IN THE HIGH COURT OF FIJI
AT SUVA
CIVIL JURISDICTION


CIVIL ACTION NO.: HBC0255 OF 2004


BETWEEN:


FIJI PUBLIC SERVICE ASSOCIATION
Plaintiff


AND:


FIJI ISLANDS REVENUE AND CUSTOMS AUTHORITY
Defendant


Date of Hearing: 24th August, 2004
Date of Judgment: 8th September, 2004


Counsel: Mr. Nagin – for the Plaintiff
Mr. S. Sharma – for the Defendant


JUDGMENT


Introduction


This was an application by the defendant, Fiji Islands Revenue and Customs Authority (FIRCA), to discharge an ex parte interim injunction granted to the plaintiff, Fiji Public Service Association (FPSA), on the 7th of July, 2004.


Background


There are 3 Unions representing the employees of FIRCA namely, Fiji Islands Revenue and Customs Authority Officers and Staff Association (hereinafter referred to as “FIRCAOSA”), Fiji Public Service Association (hereinafter referred to as “FPSA”) and Viti National Union of Taukei Workers (hereinafter referred to as “VNUTW”).
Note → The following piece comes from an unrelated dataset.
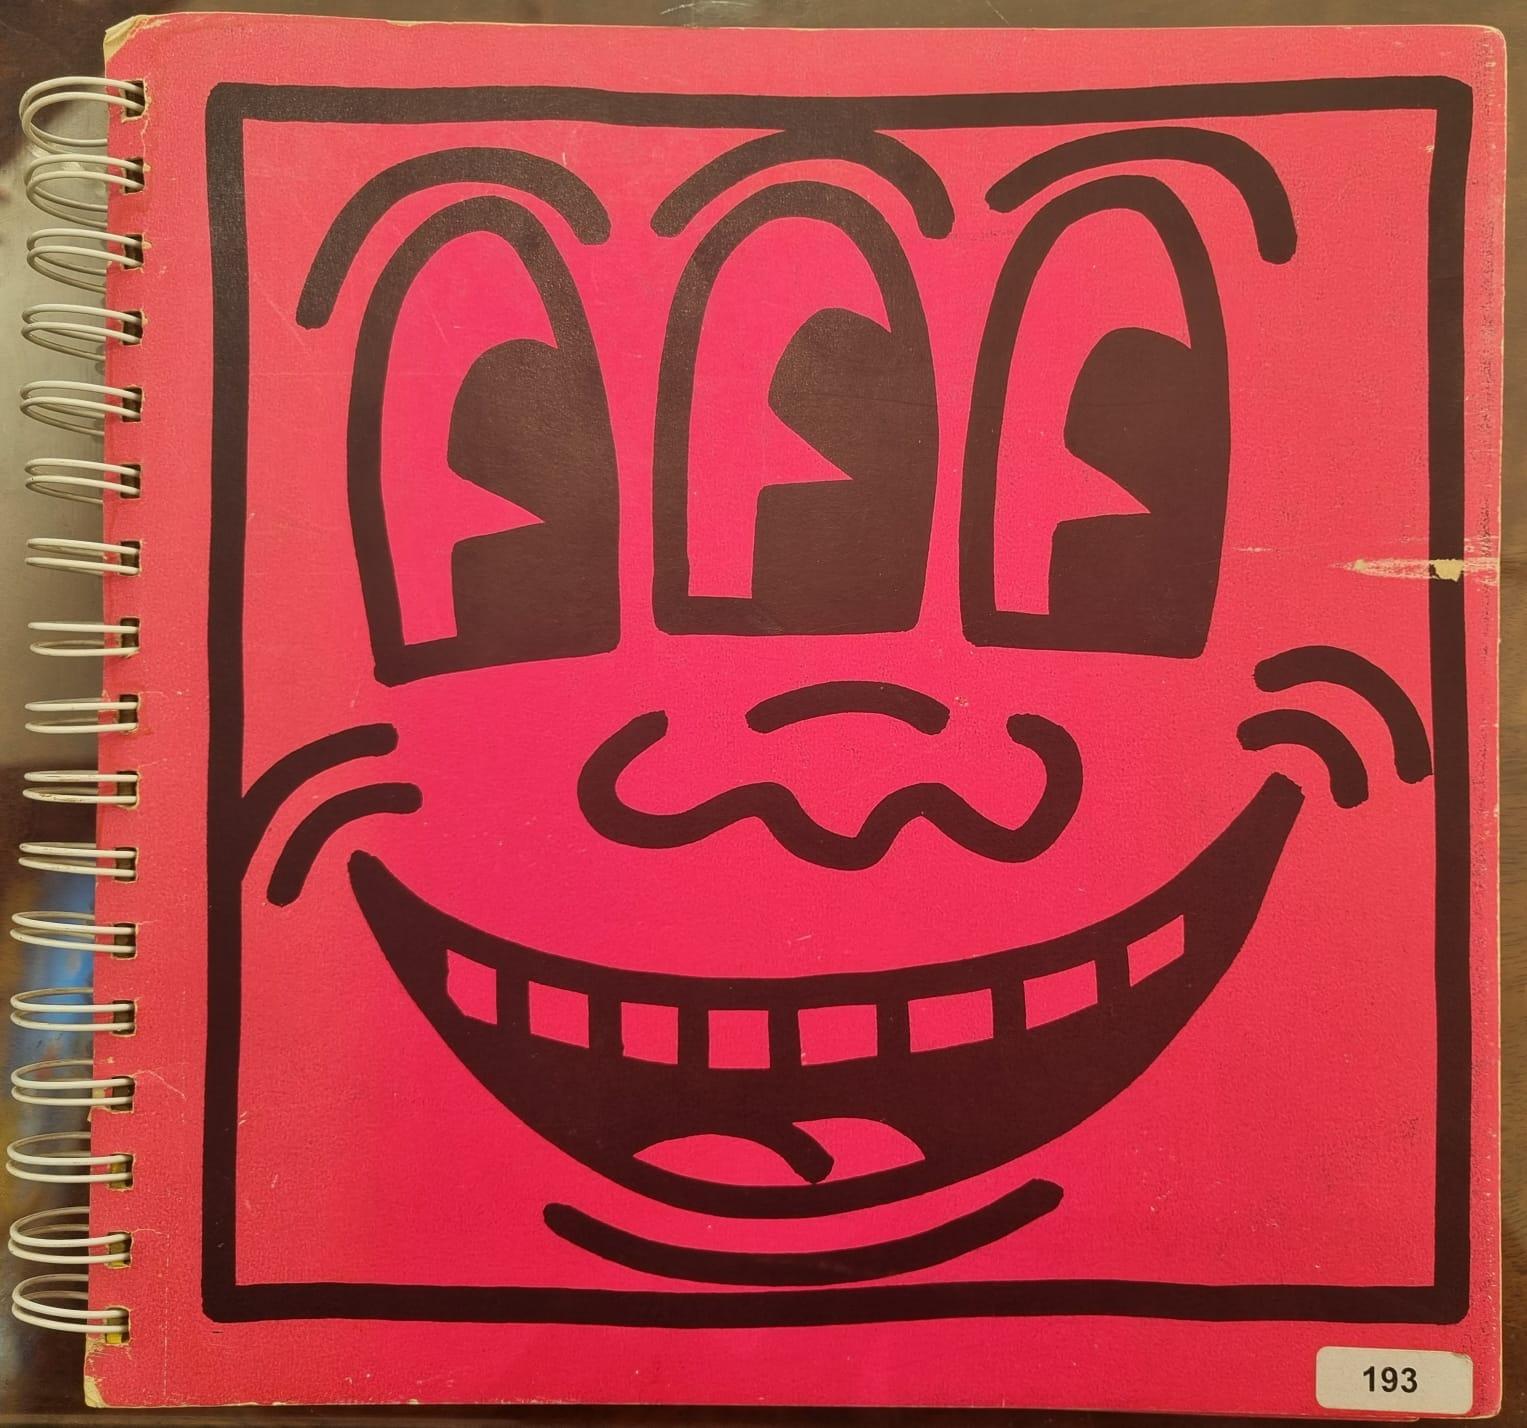 Signed artist catalog with a drawing - Pop Art Mixed Media Art by Keith Haring

Out of a total work force of 693, 52% are represented by FIRCAOSA, 36.6% by the FPSA and 1% by the VNUTW. The remaining 10.2% are not represented by any union.


The plaintiff and the defendant together with FIRCAOSA and VNUTW are parties to a collective agreement dated the 8th of February 2002.
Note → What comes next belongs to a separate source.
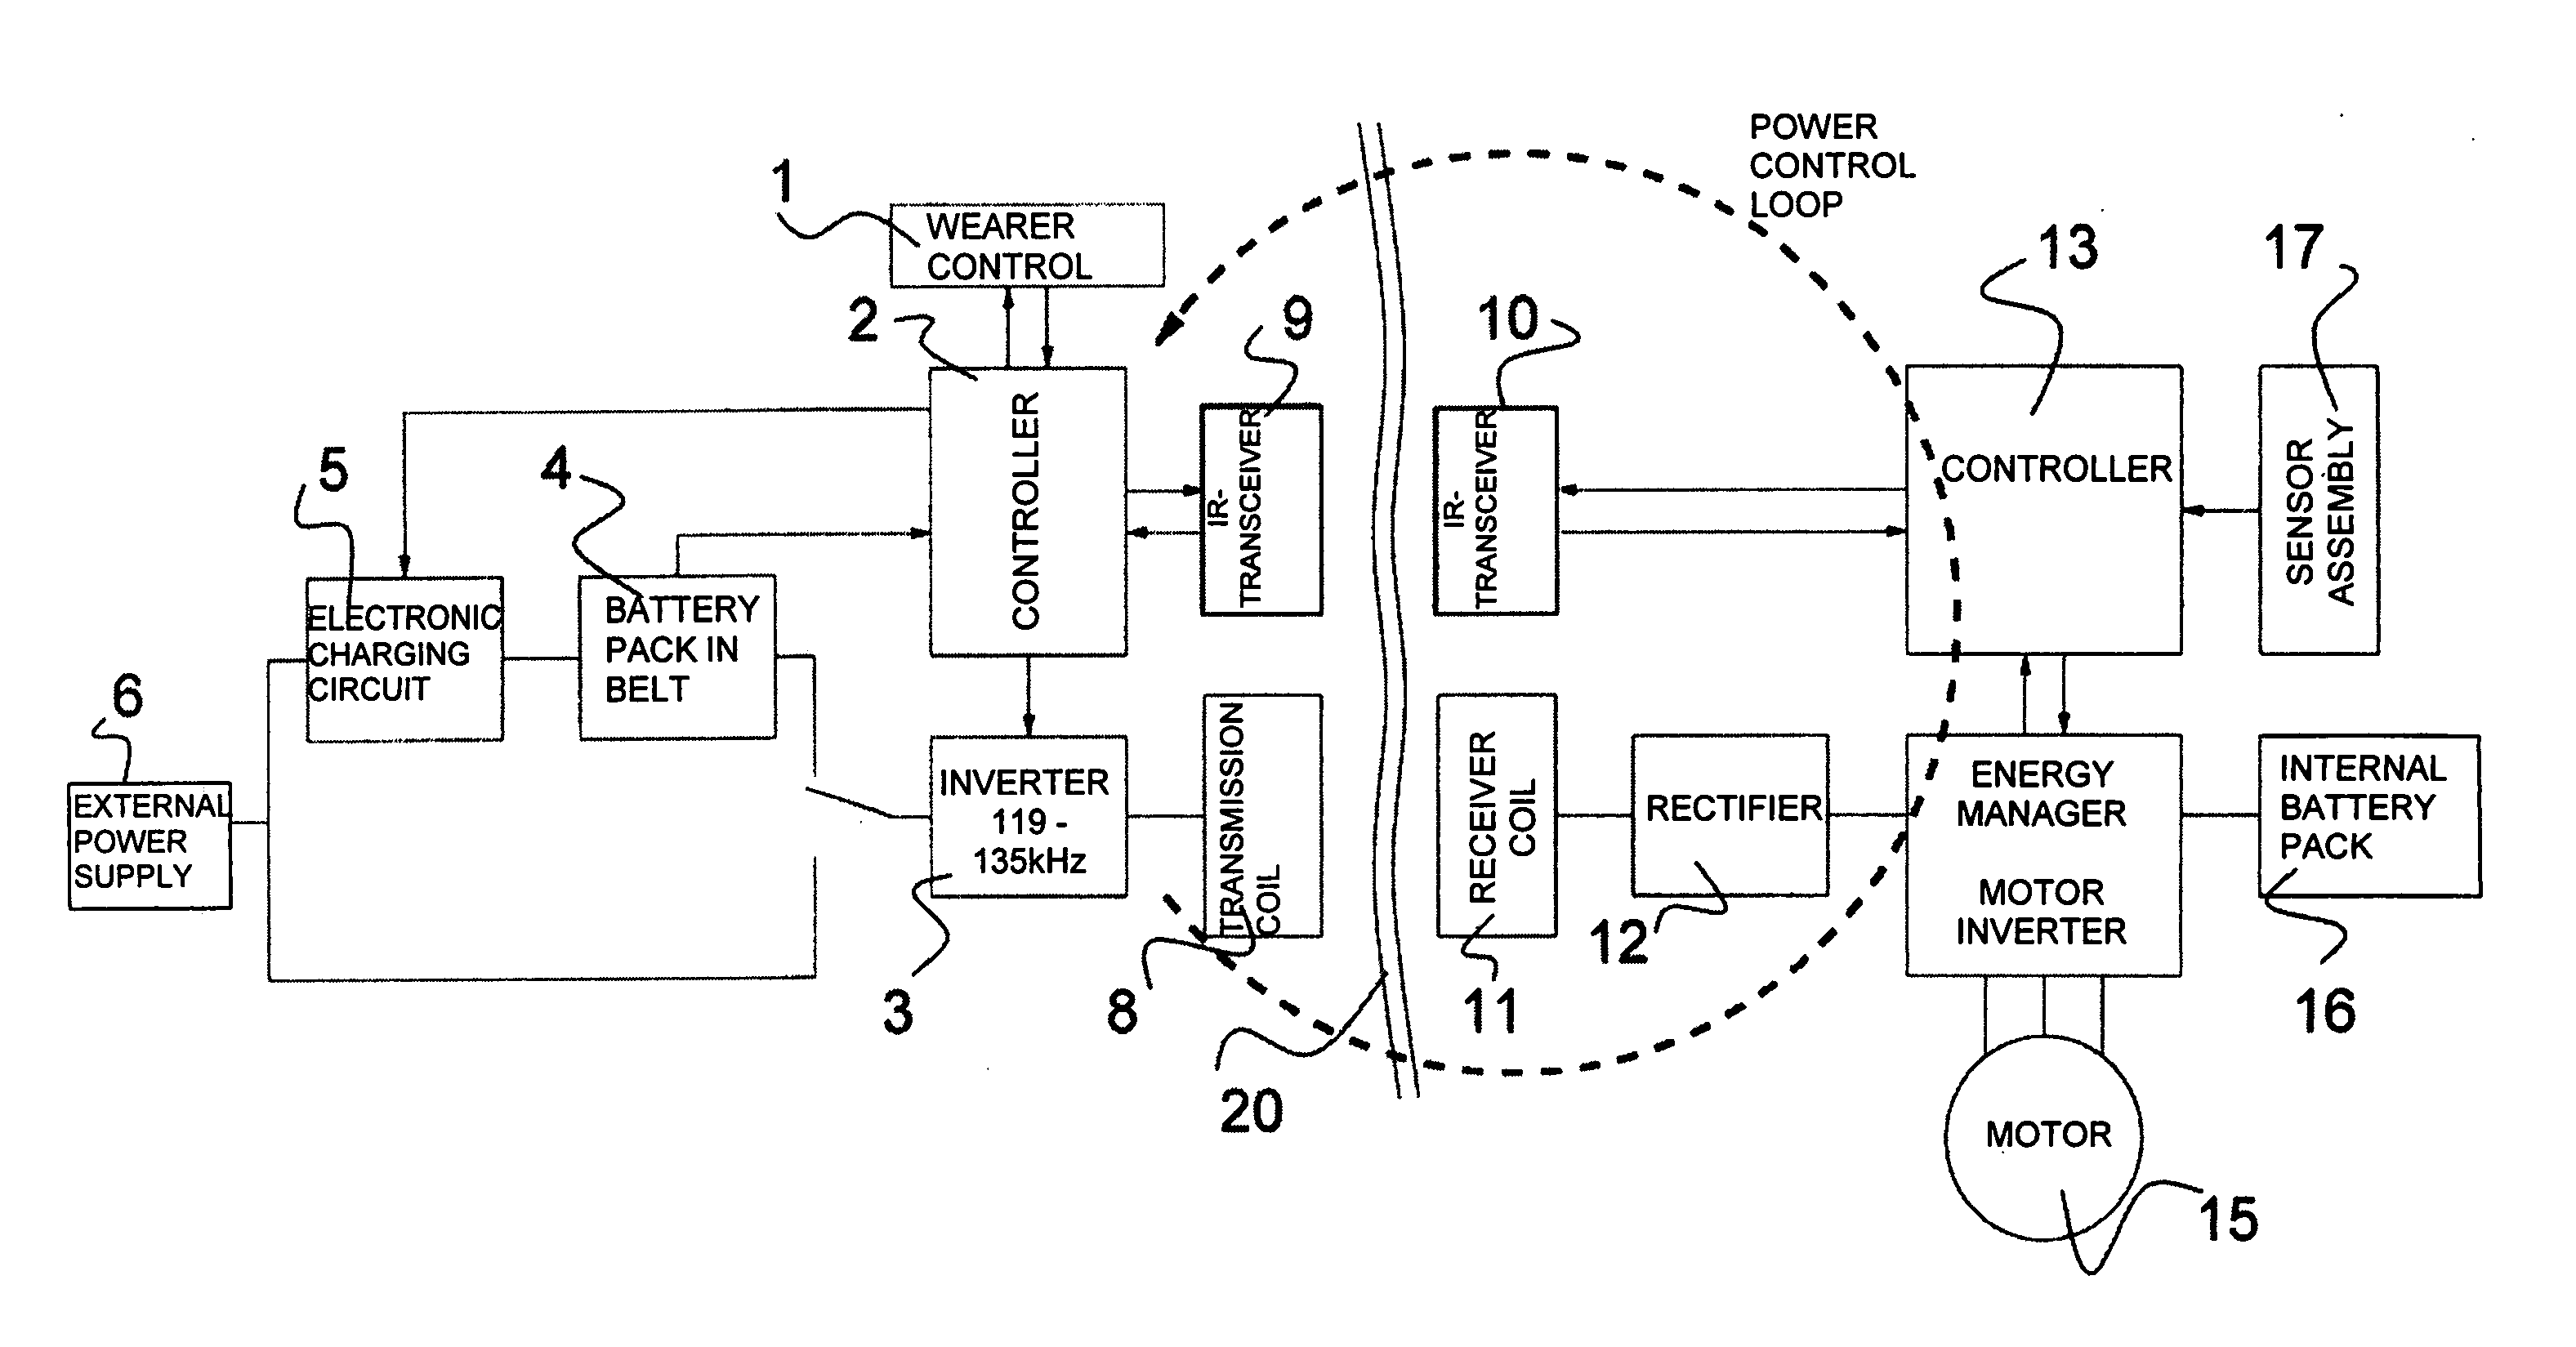 Assembly for wireless energy communication to an implanted device

All of these parties agreed that a Job Evaluation and Restructuring Project would be undertaken of FIRCA’s entire workforce. This job evaluation review project (quaintly known as “JERP”) has been the subject of vigorous negotiations between all of the parties in the past 26 months.


Substantial progress has been made on the JERP. The defendant has reached an agreement with FIRCAOSA and VNUTW over JERP and its implementation. Regrettably the defendant and the plaintiff have yet to reach such an agreement. The plaintiff became concerned that the defendant was moving ahead with the implementation of JERP before finalizing an agreement that would protect its members' rights. The defendant does not deny that it published certain materials and advertised certain job vacancies indicating a wish to press on with the JERP despite a lack of any comprehensive agreement with the plaintiff.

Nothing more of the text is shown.